(Activity) In the entries below, begin at the line with "Pullover Pulli schwarz" and stop after the line with "Una foto en"; output those lines exactly and omit the pictures.

(Records for this task)
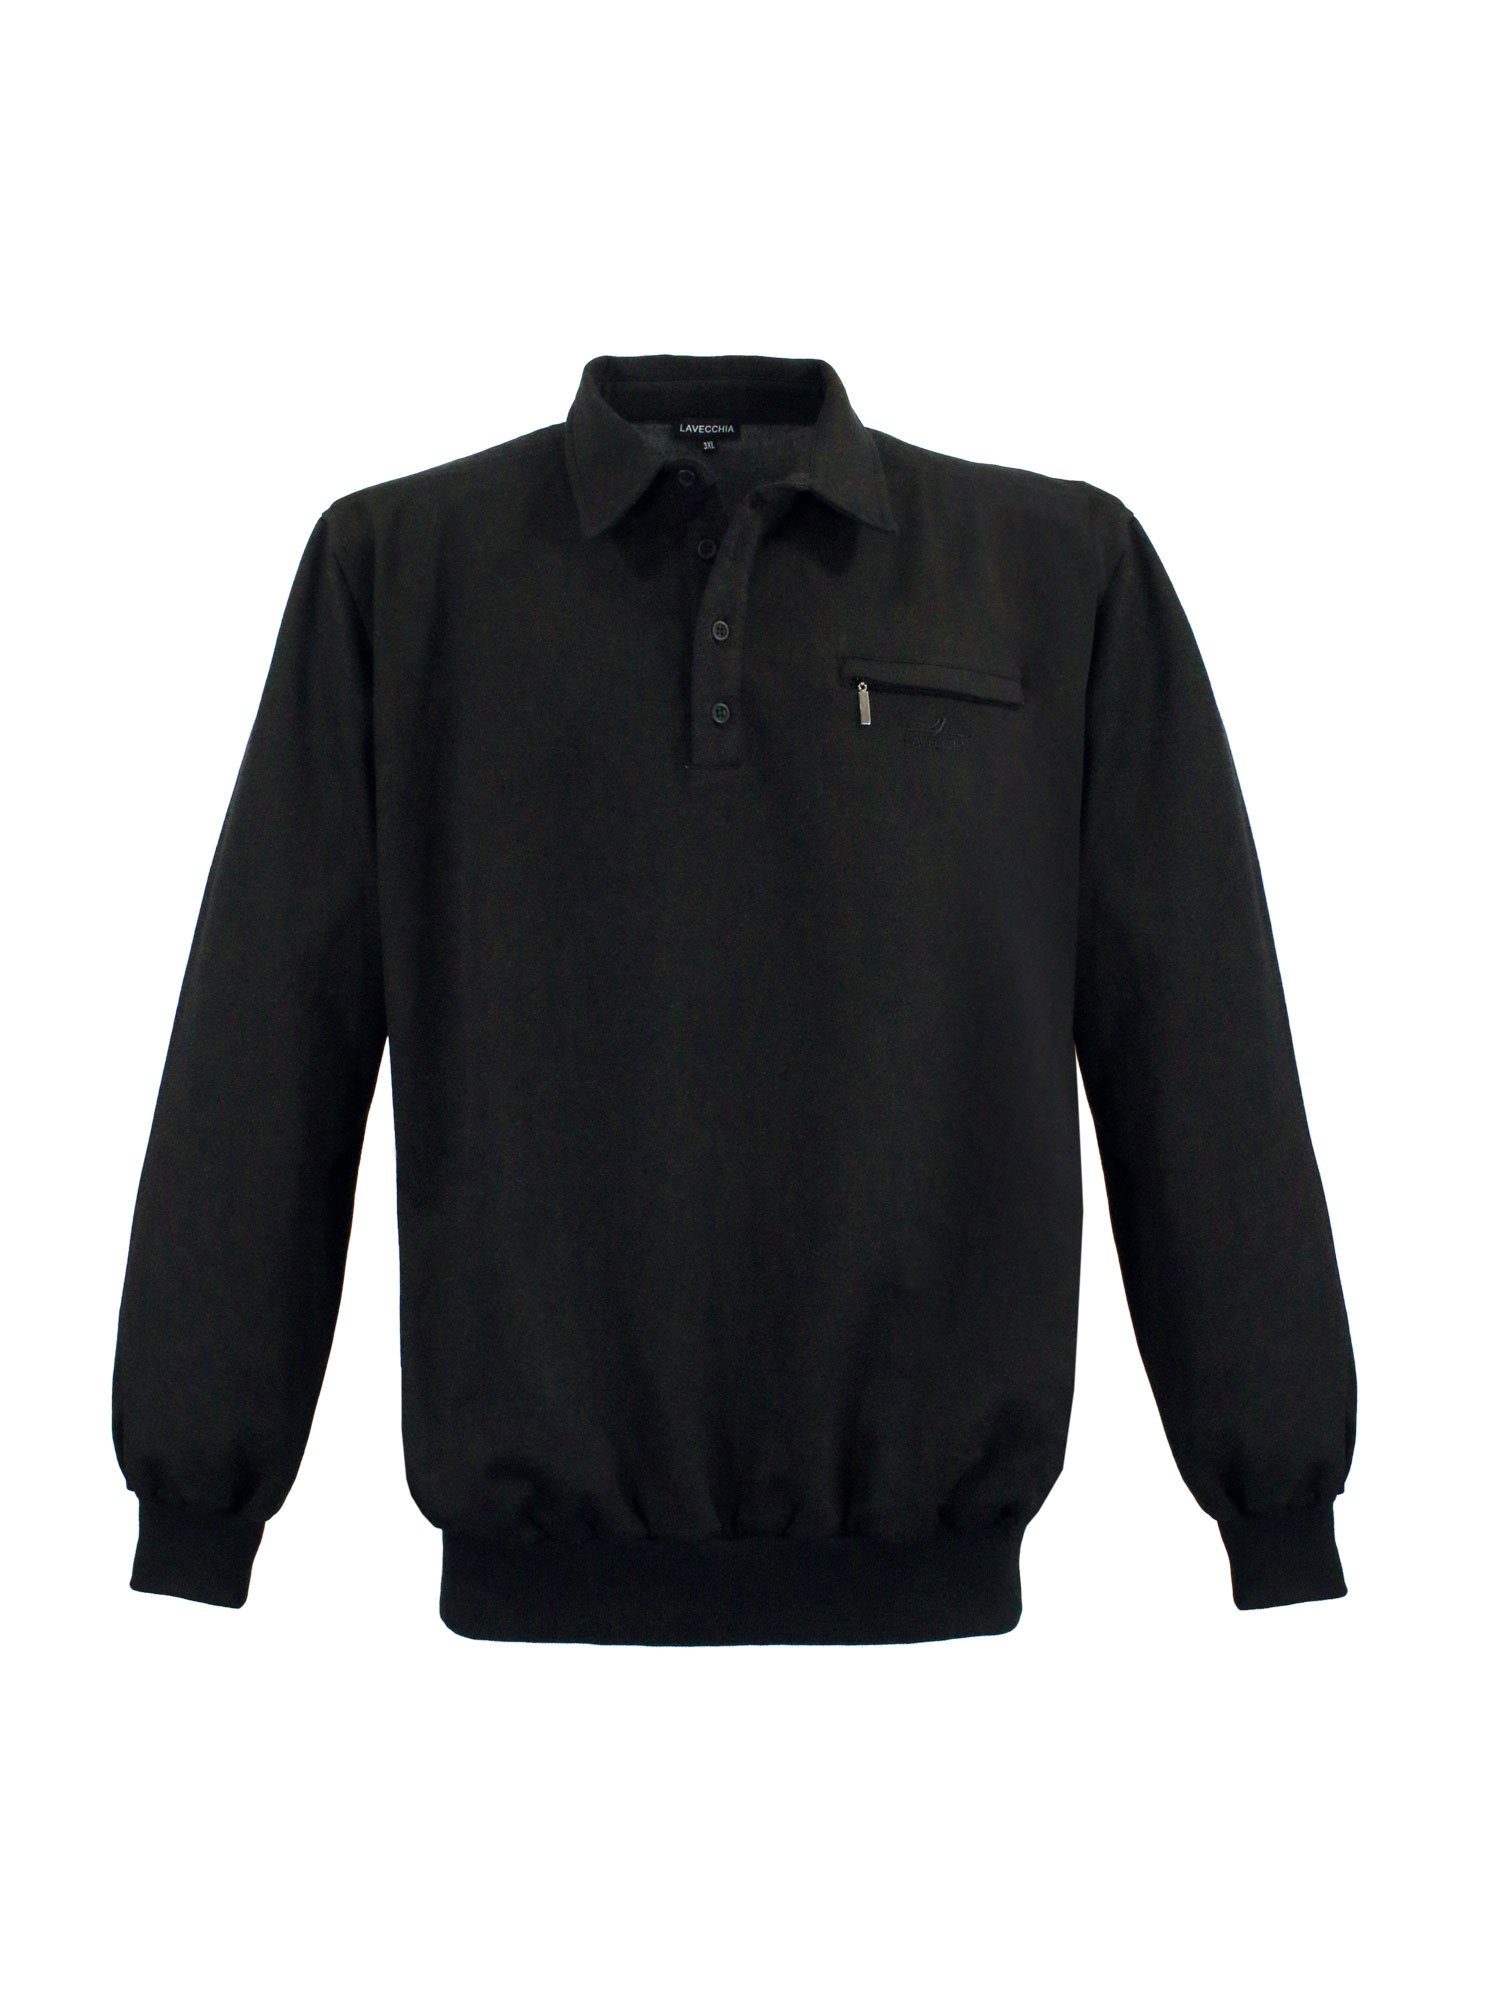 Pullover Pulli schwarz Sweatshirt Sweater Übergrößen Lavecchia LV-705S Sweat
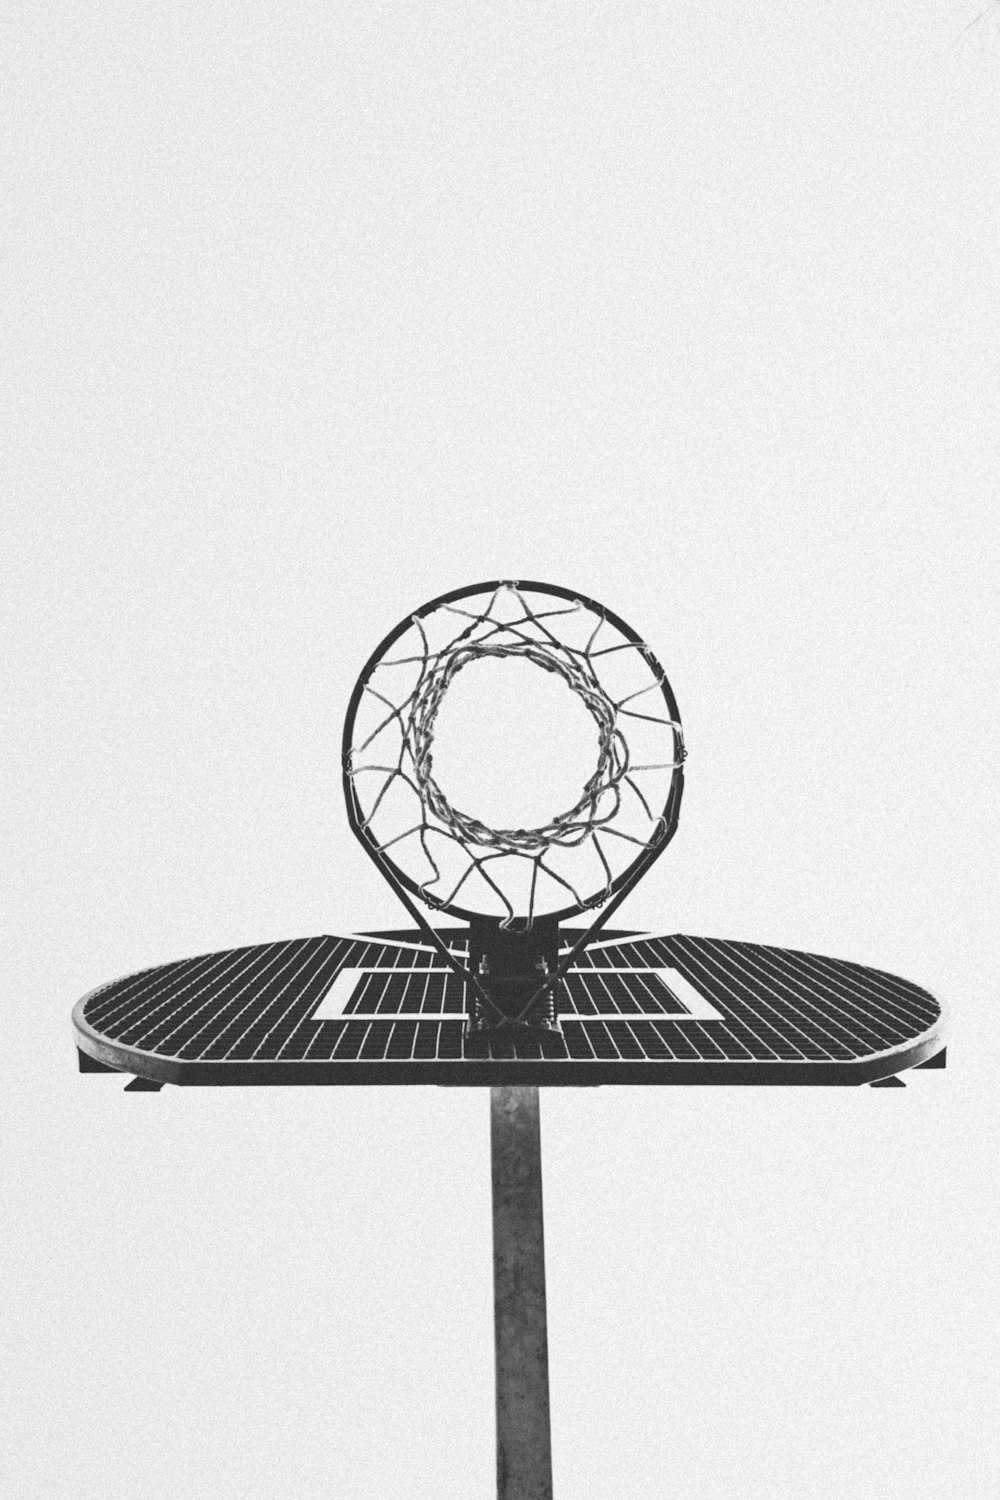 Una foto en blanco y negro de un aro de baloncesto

==

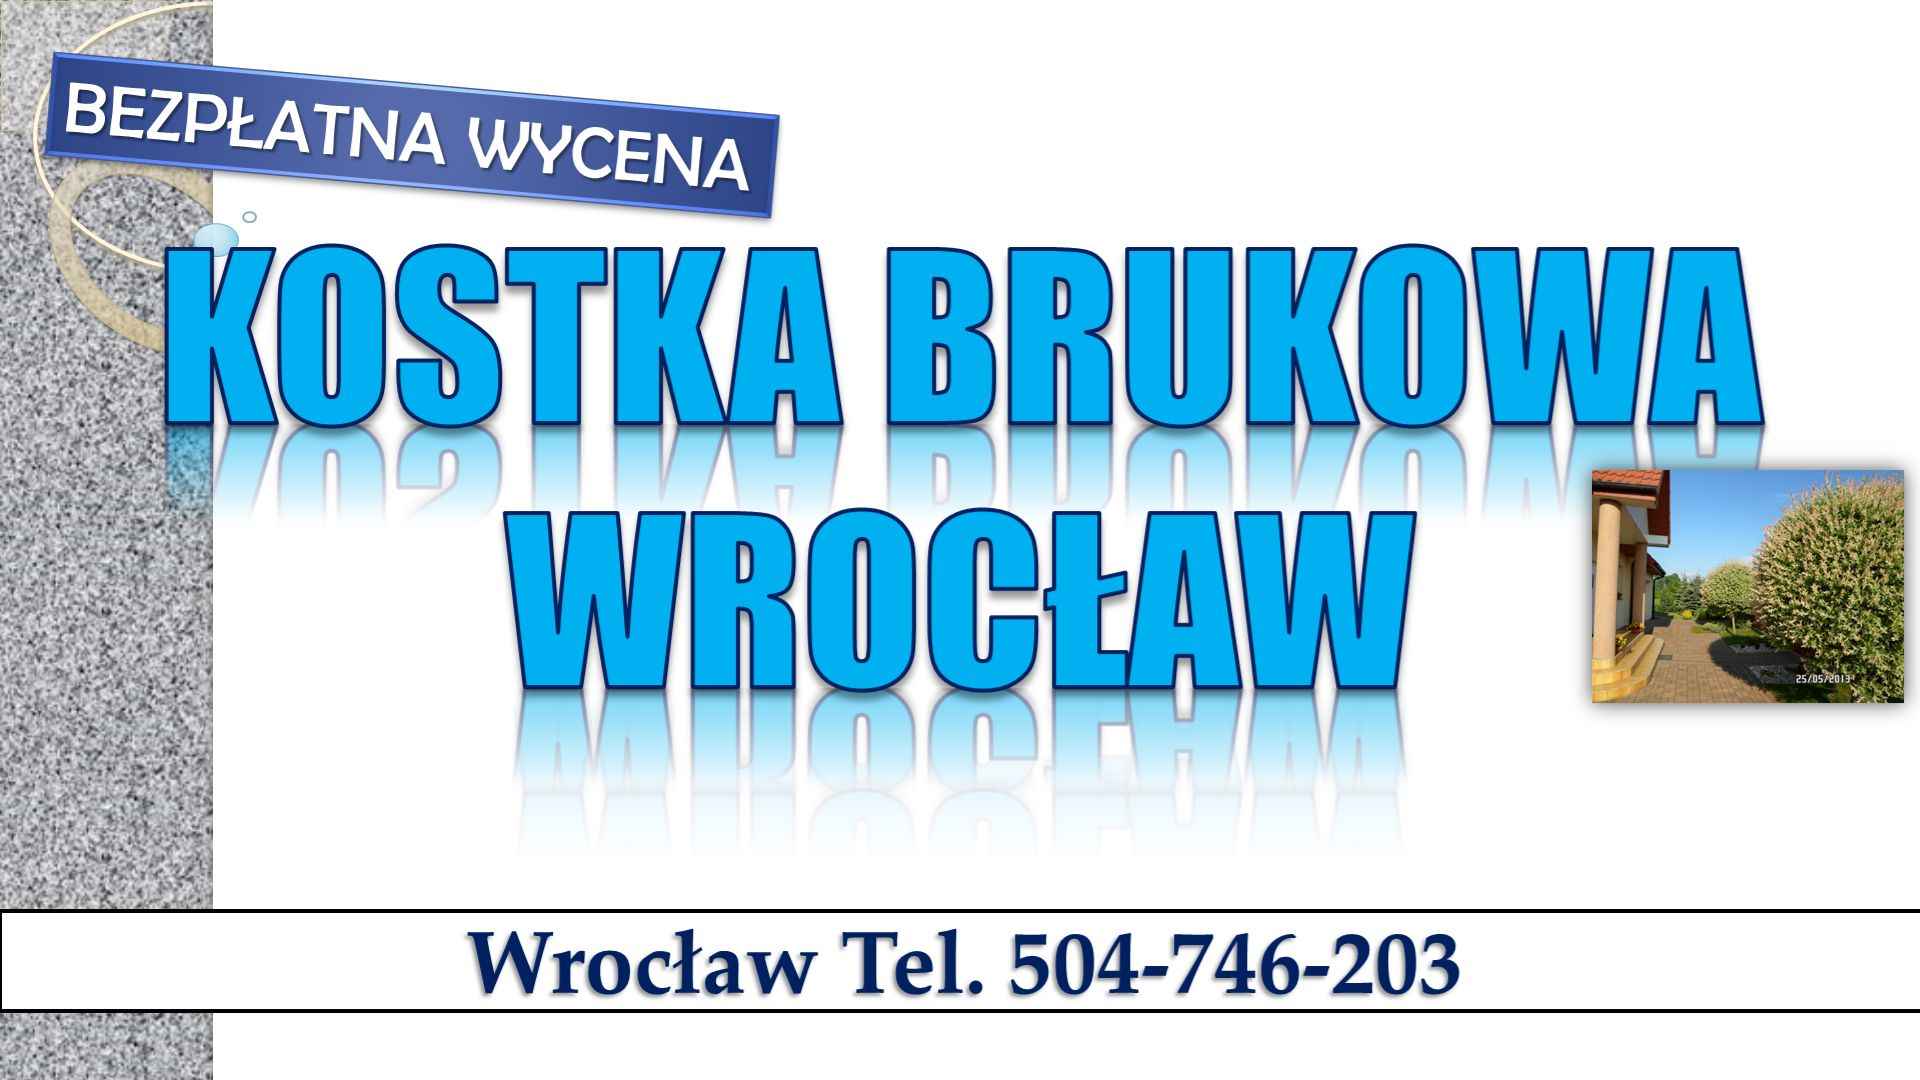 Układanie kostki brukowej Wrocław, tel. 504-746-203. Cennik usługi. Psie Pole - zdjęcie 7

(Solution)
 Pullover Pulli schwarz Sweatshirt Sweater Übergrößen Lavecchia LV-705S Sweat
 Una foto en blanco y negro de un aro de baloncesto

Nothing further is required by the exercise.